LM as heuristic evaluator: Uses the language model itself to evaluate intermediate reasoning states (via deliberate prompting), enabling value-guided search without any task-specific training or external reward models.
Flexible search integration: Supports pluggable search algorithms (BFS, DFS) with configurable branching factors and pruning thresholds, adapting the exploration strategy to task structure.
Massive gains on hard reasoning tasks: Achieves 74% on Game of 24 (vs. 4% CoT), 7.56 coherence on creative writing (vs. 6.93 CoT), and 60% word-level accuracy on mini crosswords with DFS.
Modular, training-free framework: All components (thought decomposition, generation, evaluation, search) are modular and require only prompting -- no fine-tuning or gradient updates needed.

Architecture

┌─────────────────────────────────────────────────────┐
│              Tree of Thoughts (ToT)                  │
│                                                      │
│  Problem x ──► [Root Node]                           │
│                    │                                 │
│         ┌─────────┼─────────┐     Thought            │
│         ▼         ▼         ▼     Generation         │
│      [s1a]     [s1b]     [s1c]    (LM proposes k)    │
│      ✓ 0.8     ✓ 0.6     ✗ 0.1   State Evaluation   │
│      │  │         │               (LM scores)        │
│    ┌─┘  └──┐   ┌──┘                                  │
│    ▼       ▼   ▼                                     │
│  [s2a]  [s2b] [s2c]    ◄── Prune low-value states    │
│  ✓ 0.9  ✗ 0.2 ✓ 0.7                                 │
│    │              │                                  │
│    ▼              ▼                                  │
│  [s3a]         [s3b]    ◄── Continue best branches   │
│  ★ SOLUTION                                          │
│                                                      │
│  Search: BFS (bounded breadth b)                     │
│     or   DFS (with backtracking on low value)        │
│                                                      │
│  IO:  x ──────────────────────► y  (single pass)     │
│  CoT: x ── z1 ── z2 ── z3 ───► y  (single chain)    │
│  ToT: x ── tree of z's ──────► y  (search)           │
└─────────────────────────────────────────────────────┘

Architecture / Method

ToT framework overview

ToT is built on four modular components:

1. Thought Decomposition

The problem is decomposed into a sequence of intermediate "thought" steps, where each thought is a coherent chunk of language (a few words to a paragraph) that represents a meaningful reasoning step.
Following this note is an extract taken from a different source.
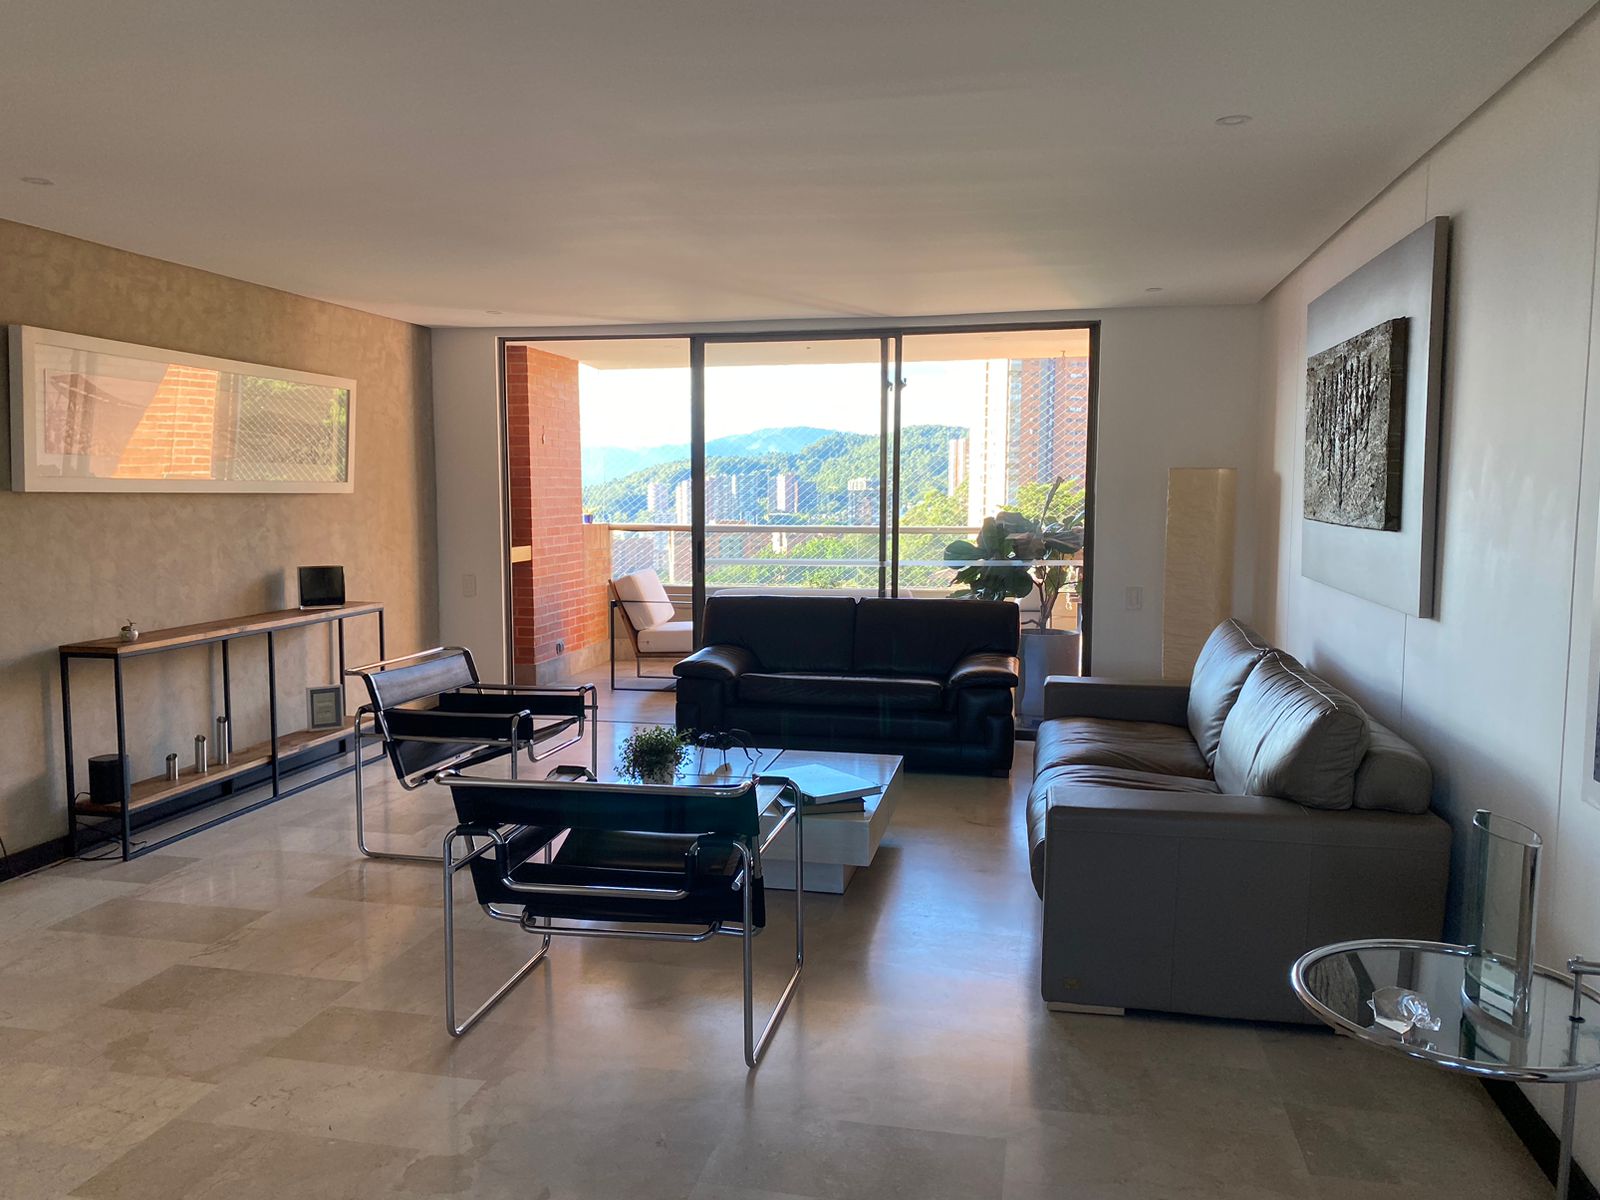 El Poblado 12th Floor Apartment With Panoramic Views, Open Concept Kitchen & Complete Amenity Package

The granularity is task-dependent: for Game of 24, each thought is one arithmetic equation; for creative writing, each thought is a writing plan or paragraph; for crosswords, each thought is a word fill.

2. Thought Generation

At each tree node (partial solution state), the LM generates candidate next thoughts via one of two strategies: - Sample (i.i.d.): Draw k independent completions from the LM's CoT prompt. Best when the thought space is rich and diversity matters. - Propose (sequential): Prompt the LM to propose a list of k candidates in a single inference. Best when the thought space is more constrained.

3. State Evaluation

The LM evaluates intermediate states to guide search. Two strategies: - Value: Independently score each state (e.g., "sure / maybe / impossible" for Game of 24). The LM reasons about whether a partial solution can lead to success. - Vote: Compare multiple candidate states and vote for the most promising one. Used when absolute evaluation is hard but relative comparison is feasible.

4. Search Algorithm

Search strategies comparison

Breadth-First Search (BFS): Maintains a set of the b most promising states at each level. Best for problems with limited depth (e.g., Game of 24 with 3 steps). At each step, expand all states, evaluate, prune to top b.
Depth-First Search (DFS): Explores the most promising branch first, with backtracking when the LM evaluator deems a state unpromising. Best for deeper problems requiring backtracking (e.g., crosswords). Uses a pruning threshold on the value function.

Pseudocode (BFS variant)

Input: LM p_theta, problem x, thought generator G, state evaluator V,
       breadth limit b, number of steps T
S_0 = {x}  # initial state set
for t = 1 to T:
    candidates = {[s, z] : s in S_{t-1}, z in G(p_theta, s, k)}  # generate k thoughts per state
    V_t = V(p_theta, candidates)  # evaluate all candidates
    S_t = top-b candidates by V_t  # keep best b states
return G(p_theta, S_T)  # final generation from best state

Results

Game of 24 results

Game of 24 (Mathematical Reasoning)

Method	Success Rate
IO prompting	7.3%
Chain-of-Thought	4.0%
CoT Self-Consistency (k=100)	9.0%
CoT best-of-100	49.0%
ToT (BFS, b=5)	74.0%

Creative Writing (Coherence)

Method	Coherence Score
IO prompting	6.19
Chain-of-Thought	6.93
ToT (BFS, b=5)	7.56

ToT outputs were preferred by GPT-4 judges in 41 out of 100 pairwise comparisons against CoT (vs. 21 wins for CoT).

Mini Crosswords (5x5)

Method	Word Success	Letter Success	Game Success
IO prompting	16.0%	38.7%	0%
Chain-of-Thought	15.6%	40.6%	1%
ToT (DFS)	60.0%	78.0%	20%

Limitations & Open Questions

Computational cost: ToT requires substantially more LM calls than CoT (approximately 3-5x more calls than simpler approaches), making it expensive for routine tasks. The benefit is most justified for genuinely hard problems where single-pass reasoning fails.
Task-specific prompt engineering: The thought decomposition granularity, generation strategy (sample vs. propose), evaluation strategy (value vs. vote), and search algorithm must be configured per task. There is no automatic way to select these.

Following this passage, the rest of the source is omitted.